La supplémentation est-elle utile ?
Les facteurs nutritionnels et la malabsorption liée aux processus inflammatoires sont des explications possibles des faibles taux de vitamine D chez les patients atteints de MCE. D’autre part, l’inconfort qui peut résulter d’une poussée aiguë peut entraîner une diminution du temps passé à l’extérieur, avec une exposition réduite à la lumière du soleil et donc une production endogène de vitamine D plus faible.
Dans une méta-analyse publiée en 2018 par Li et al. [9], il a été démontré que la supplémentation en vitamine D entraînait une augmentation des taux de base de 25(OH)D et était associée à une réduction du risque de rechute de la DICS par rapport au placebo. Cependant, le lien entre les taux de rechute et la dose de vitamine D supplémentée n’a pas été clairement établi. L’apport de vitamines n’a eu aucun effet sur les marqueurs d’inflammation ESR et CRP.

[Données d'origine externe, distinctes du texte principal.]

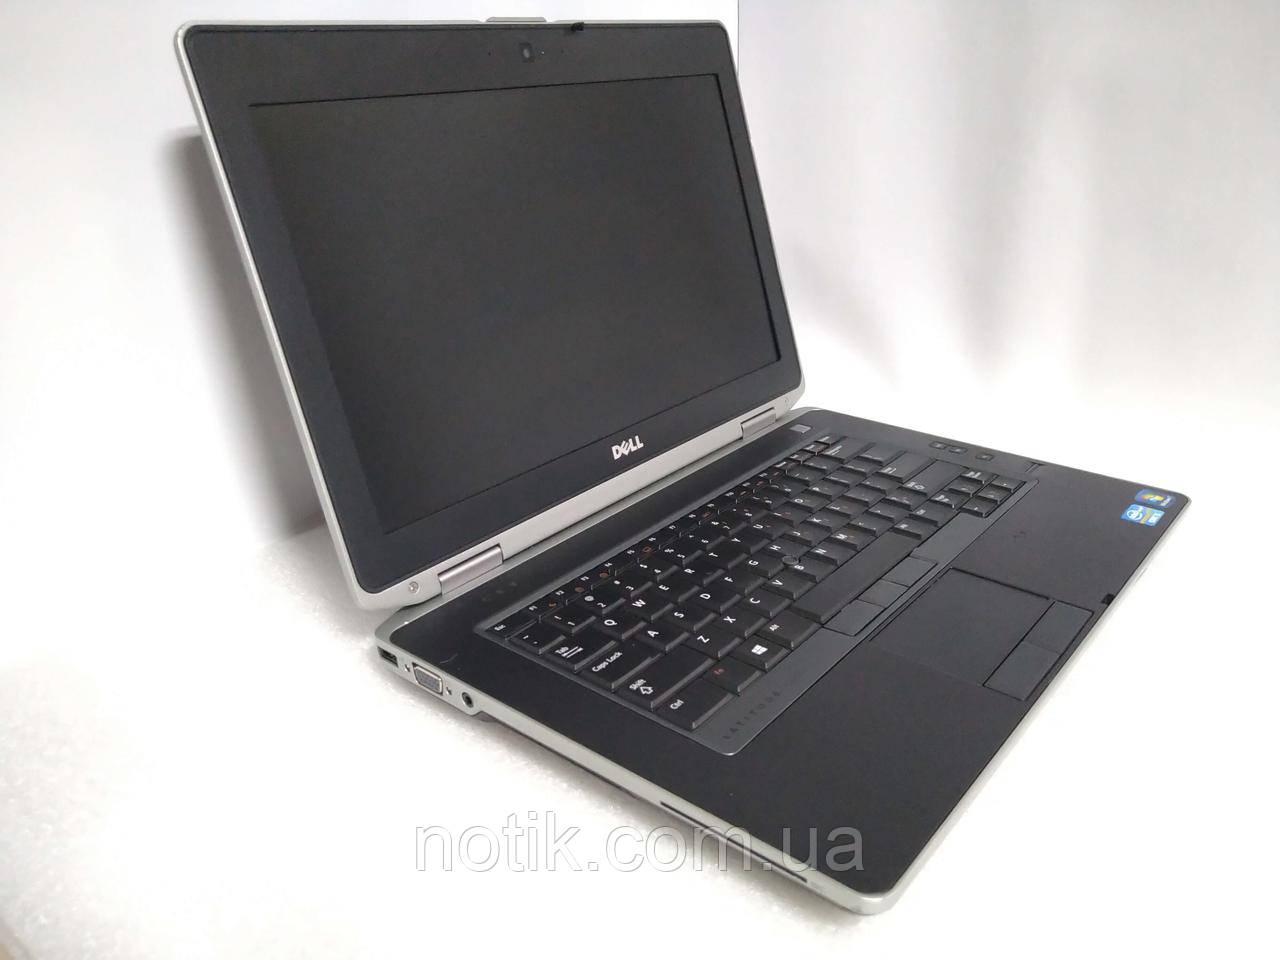 """Ноутбук Dell E6430 i5-3320M/4Gb/160Gb/DVDRW/14"""""""

Selon Gubatan et al. [1], on peut déduire des résultats de différentes analyses secondaires qu’un suivi de routine des taux de vitamine D devrait être effectué chez les patients atteints de DICS. D’autres études seraient nécessaires pour répondre définitivement à la question de savoir si la supplémentation en cas de carence en vitamine D est une cible thérapeutique possible.
Littérature :
- Gubatan J, Chou ND, Haagen Nielsen O, Moss AC : Systematic review with meta-analysis : association of vitamin D status with clinical outcomes in adult patients with inflammatory bowel disease. Alimentary Pharmacology and Therapeutics 2019, https://doi.org/10.1111/apt.15506
- Gubatan J, Moss AC : Vitamine D dans les maladies inflammatoires de l’intestin : plus qu’un simple supplément. Curr Opin Gastroenterol 2018 ; 34 : 217-225.
- Nielsen OH, Rejnmark L, Moss AC : Rôle de la vitamine D dans l’histoire naturelle de la maladie inflammatoire du côlon. J Crohns Colitis 2018 ; 12 : 742-752.
- Assa A, et al : La carence en vitamine D prédispose au dysfonctionnement de la barrière induite par Escherichia coli et aux lésions coliques expérimentales. Inflamm Bowel Dis 2015 ; 21 : 297-306.
- Chen SW, et al : Effet protecteur de la 1, 25-dihydroxyvitamine d3 sur la lésion de la jonction épithéliale intestinale induite par les lipopolysaccharides dans les monocouches de cellules caco-2. Inflammation 2015 ; 38 : 375-383.
- Gubatan J, et al. : Des niveaux plus élevés de vitamine D dans le sérum sont associés à des profils de cytokines sériques protecteurs chez les patients atteints de colite ulcéreuse. Cytokine 2018 ; 103 : 38-45.
- Tabatabaeizadeh SA, et al : Vitamine D, le microbiome intestinal et la maladie inflammatoire de l’intestin. J Res Med Sci 2018 ; 23 : 75.
- Del Pinto R, et al : Association between inflammatory bowel disease and vitamin D deficiency : a systematic review and meta-analysis. Inflamm Bowel Dis 2015 ; 21 : 2708-2717.
- Li J, Chen N, Wang D, et al : Efficacité de la vitamine D dans le traitement de la maladie inflammatoire de l’intestin. Medicine 2018 ; 97 : e1266.